The least understood region of an SF is where it attaches to a focal adhesion. Many protein–protein interactions have been identified biochemically, with several proteins binding integrin cytoplasmic tails and some of these proteins also binding F-actin directly (Zaidel-Bar et al., 2007; Zaidel-Bar and Geiger, 2010). Most attention has focused on talin, which binds both integrins and actin, and its binding partner vinculin, which binds actin, as well as many other components in focal adhesions. The very high protein density in focal adhesions has limited the value of conventional EM analysis. However, Patla et al. (2010) used cryo-electron tomography to reveal a stratified organization at the inner face of focal adhesions. Just above the plasma membrane, they visualized doughnut-shaped particles that interacted with short tangential fibers. In turn, these associated with SF F-actin at the highest level. This organization is intriguing, but the significance of the particles remains elusive, although they were shown to be mechanosensitive, disassembling when the RhoA–ROCK pathway was inhibited. Using super-resolution fluorescence microscopy, Kanchanawong et al. (2010) revealed the architecture of multiple components in focal adhesions in nanometer resolution. They found that the integrins in the plasma membrane are vertically separated from actin by a zone of ∼40 nm. Within this zone, they identified several layers; closest to the membrane is a signaling layer containing FAK, paxillin, and the integrin cytoplasmic domains, and then there is a layer involved in force transduction, including talin and vinculin, and finally, there is a layer containing actin filaments as well as vasodilator-stimulated phosphoprotein (VASP), α-actinin, and zyxin. Interestingly, the N and C termini of talin were spatially separated, with the N terminus closer to the membrane and the C terminus extending into the actin-rich domain, consistent with talin linking the cytoplasmic domains of integrins to F-actin in SFs. Much remains to be determined about the organization of this critical region, but these techniques provide an encouraging start.
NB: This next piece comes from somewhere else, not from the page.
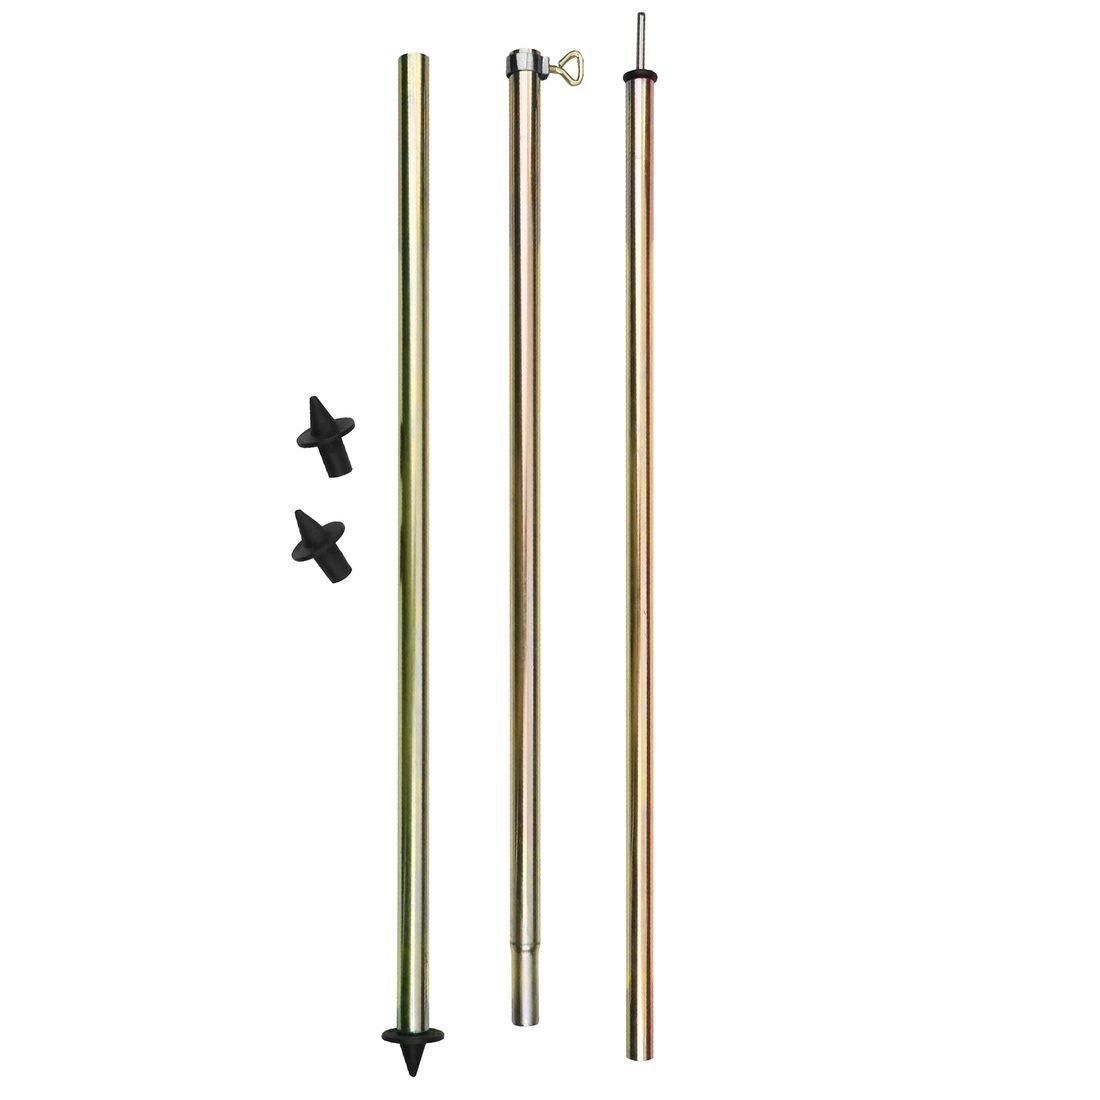 10T Outdoor Equipment TA Pole 200Tienda Barra, Oro, 140–200cm 140-200cm 10TA5|#10T Outdoor Equipment 4260181763545

Generation of sarcomeric periodicity and the recruitment of myosin II
Cramer et al. (1997) showed that SFs have uniformly oriented actin filaments emerging from focal adhesions with their barbed ends at the adhesion. One of the challenges is to understand how bundles of unipolar filaments are converted into sarcomeres with alternating polarity. Antiparallel arrays of F-actin are necessary for myosin to generate force. When Hotulainen and Lappalainen (2006) considered how dorsal SFs incorporate myosin and convert from a uniform bundle of filaments into a sarcomeric arrangement, they suggested that actin filaments might rotate through 180°. Although theoretically possible, rotation of filaments seems both unlikely and energetically unfavorable. Here, we propose an alternative mechanism (Fig. 4). We suggest that the filaments are cleaved and that the protein that severs and caps the newly exposed barbed ends either contains actin-nucleating activity itself or recruits a nucleating protein or complex that induces polymerization. The critical requirement is that polymerization occurs in the opposite direction of the preexisting filament so that a filament of opposite polarity is generated. Many proteins that nucleate actin polymerization have been identified (Campellone and Welch, 2010), and at least one formin, FRL-α (FRL1), has actin-severing activity (Harris et al., 2004), raising the possibility that a single protein may fulfill the required characteristics (severing/capping/nucleation) for this model. Much has been learned from striated muscle sarcomere assembly (Sparrow and Schöck, 2009), and one of the actin-nucleating proteins implicated in sarcomere organization is leiomodin (Chereau et al., 2008). As several leiomodin family members exist, it will be important to determine whether any of these molecules function similarly in nonmuscle sarcomeres (Conley et al., 2001).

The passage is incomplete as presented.